In der 2009 erschienenen Festschrift für Julius Schoeps, hrsg. von Irene Diekman/Elke-Vera Kotowski: Geliebter Feind. Gehaßter Freund (Berlin: vbb, 2009) fand ich meinen Namen in einem erstaunlichen Zusammenhang. Die Zeithistorikerin Margit Reiter spekuliert in ihrem Beitrag „Nachträgliche Wiedergutmachung. Philosemitismus bei den Kindern der Täter“ über deren Gründe, sich mit Judentum zu beschäftigen…
Auf S. 528 sammelt sie eine Reihe unrecherchierter „Fakten“ und Mutmaßungen über mich, die in ihrem verächtlichen Ton und im Gesamtzusammenhang des Aufsatzes so denunziatorisch und tendenziös wirken, daß man sie in der Boulevardpresse eher erwarten würde als in der Festschrift für einen namhaften Wissenschaftler.
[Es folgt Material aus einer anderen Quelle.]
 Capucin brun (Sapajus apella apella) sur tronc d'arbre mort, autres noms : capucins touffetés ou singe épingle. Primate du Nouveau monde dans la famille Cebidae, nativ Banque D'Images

Wenn Frau Reiter den Roman, über den sie referiert, gelesen hätte, wäre ihr aufgefallen, daß vor 26 Jahren mein Name Waltraud Anna Mitgutsch war. Es wäre ihr auch aufgefallen, daß dort keine „von Nationalsozialismus geprägte Mutter“ vorkommt (die Protagonistin ist ein im autoritär-katholischen Umfeld aufgewachsenes Bauernmädchen). Was Frau Reiter offenbar auch nicht weiß, ist, daß ein literarisches Werk kein Bekenntnisband ist und die Romanfiguren keine realen Personen sind. Es scheint ihr ausreichend, den Roman falsch zu lesen und dem Kurzschluß der Identität von Romanfiguren und Autorenbiographie aufzusitzen, um mich unter die „Kinder der Täter“ einzureihen.
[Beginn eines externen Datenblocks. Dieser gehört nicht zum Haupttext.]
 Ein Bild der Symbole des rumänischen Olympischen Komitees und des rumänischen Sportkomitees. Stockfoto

Vollends abenteuerlich wird ihre wissenschaftliche Vorgangsweise mit dem vorsichtig in Klammern gesetzten Gerücht: „(soll angeblich auch zum Judentum konvertiert sein“). Diese Mutmaßung, offenbar stärkster Beweis und Gipfel des philosemitischen Täterkinderprofils, sichert sie mit einer Fußnote ab, in der sie aus einem dubiosen, in einem oberösterreichischen Kleinverlag erschienenen Verständigungstext folgendermaßen zitiert: „So zumindest die Behauptung bei Strobl: Auf dem Weg.“
Es wäre für die Verfasserin leicht gewesen, sich über ihr Spekulationsobjekt Gewißheit zu verschaffen. Jedenfalls ist das bisher noch allen Gymnasiasten gelungen, die Referate über mein Werk halten mußten. Ich habe eine homepage, ich stehe im Telefonbuch, ich wäre über meinen Verlag zu erreichen, ich bin mindestens einmal im Monat in Wien und wäre für ein kurzes Interview jederzeit zur Verfügung gestanden.
Da der Artikel nun einige verleumderische Unterstellungen enthält, möchte ich in Kürze die wichtigsten Punkte richtigstellen:
1) Ich nenne mich nicht bloß „Anna Mitgutsch“ , es ist der in meinem Paß eingetragene Name, unter dem alle meine Romane erhältlich sind. Ich stamme nicht aus der „oberösterreichischen Provinz“, es sei denn, die Verfasserin wollte Linz mit dieser Tautologie belegen. Aber das alles wäre auf meiner Webseite nachzulesen.
2) Weder meine Eltern noch meine Großeltern (auf beiden Seiten) waren Parteimitglieder, noch hegten sie Sympathien oder zogen irgendwelchen Nutzen aus dem NS-Regime.
3) Ich bin Jüdin durch einen halachischen Übertritt aus Überzeugung, weder aus Schuldgefühlen noch aus Philosemitismus. Seit 20 Jahren bin ich Vorstandsmitglied der jüdischen Kultusgemeinde in Linz. Auch das wäre recherchierbar gewesen und hätte der Verfasserin viele Konjunktive und tiefenpsychologische Vermutungen erspart.